Implements the model described in the following paper Do Response Selection Models Really Know What's Next? Utterance Manipulation Strategies for Multi-turn Response Selection.

@inproceedings{whang2021ums,
  title={Do Response Selection Models Really Know What's Next?
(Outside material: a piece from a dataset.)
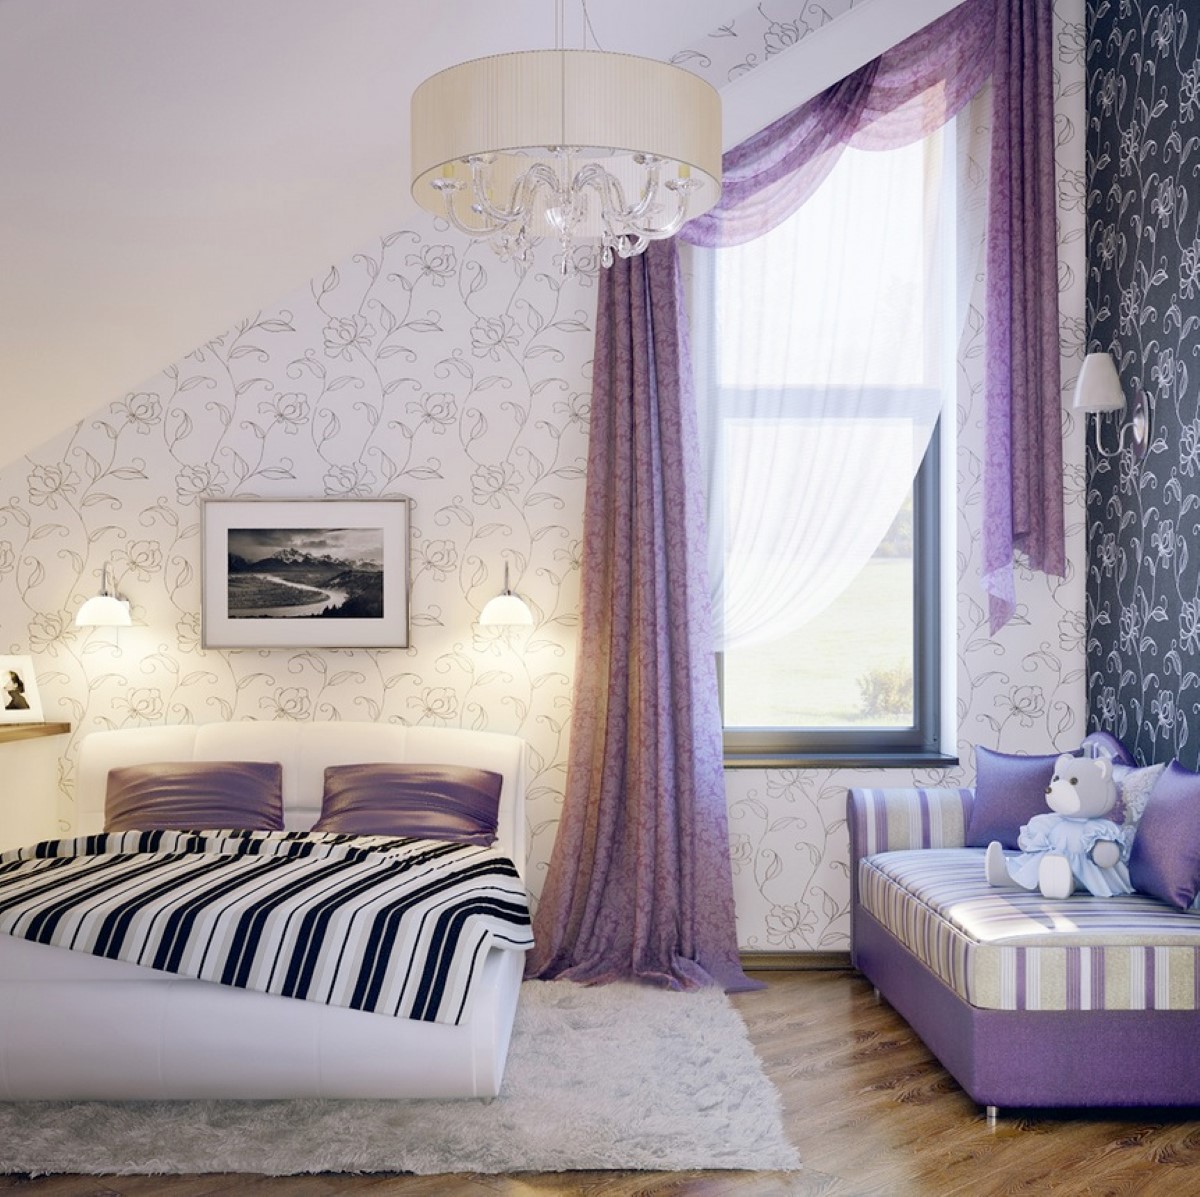 Дизайн комнате красиво фото. Спальня в сиреневых тонах. Спальня в фиолетовом цвете. Спальня в фиолетовых тонах. Спальня в лавандовых оттенках.

Utterance Manipulation Strategies for Multi-turn Response Selection},
  author={Whang, Taesun and Lee, Dongyub and Oh, Dongsuk and Lee, Chanhee and Han, Kijong and Lee, Dong-hun and Lee, Saebyeok},
  booktitle={Proceedings of the AAAI Conference on Artificial Intelligence},
  year={2021}
}

This code is reimplemented as a fork of huggingface/transformers and taesunwhang/BERT-ResSel.

alt text

Setup and Dependencies

This code is implemented using PyTorch v1.6.0, and provides out of the box support with CUDA 10.1 and CuDNN 7.6.5.

Anaconda / Miniconda is the recommended to set up this codebase.

Anaconda or Miniconda

Clone this repository and create an environment:

git clone https://www.github.com/taesunwhang/UMS-ResSel
conda create -n ums_ressel python=3.7

# activate the environment and install all dependencies
conda activate ums_ressel
cd UMS-ResSel

# https://pytorch.org
pip install torch==1.6.0+cu101 -f https://download.pytorch.org/whl/torch_stable.html
pip install -r requirements.txt

Preparing Data and Checkpoints

Pre- and Post-trained Checkpoints

We provide following pre- and post-trained checkpoints.

sh scripts/download_pretrained_checkpoints.sh

Data pkls for Fine-tuning (Response Selection)

Original version for each dataset is availble in Ubuntu Corpus V1, Douban Corpus, and E-Commerce Corpus, respectively.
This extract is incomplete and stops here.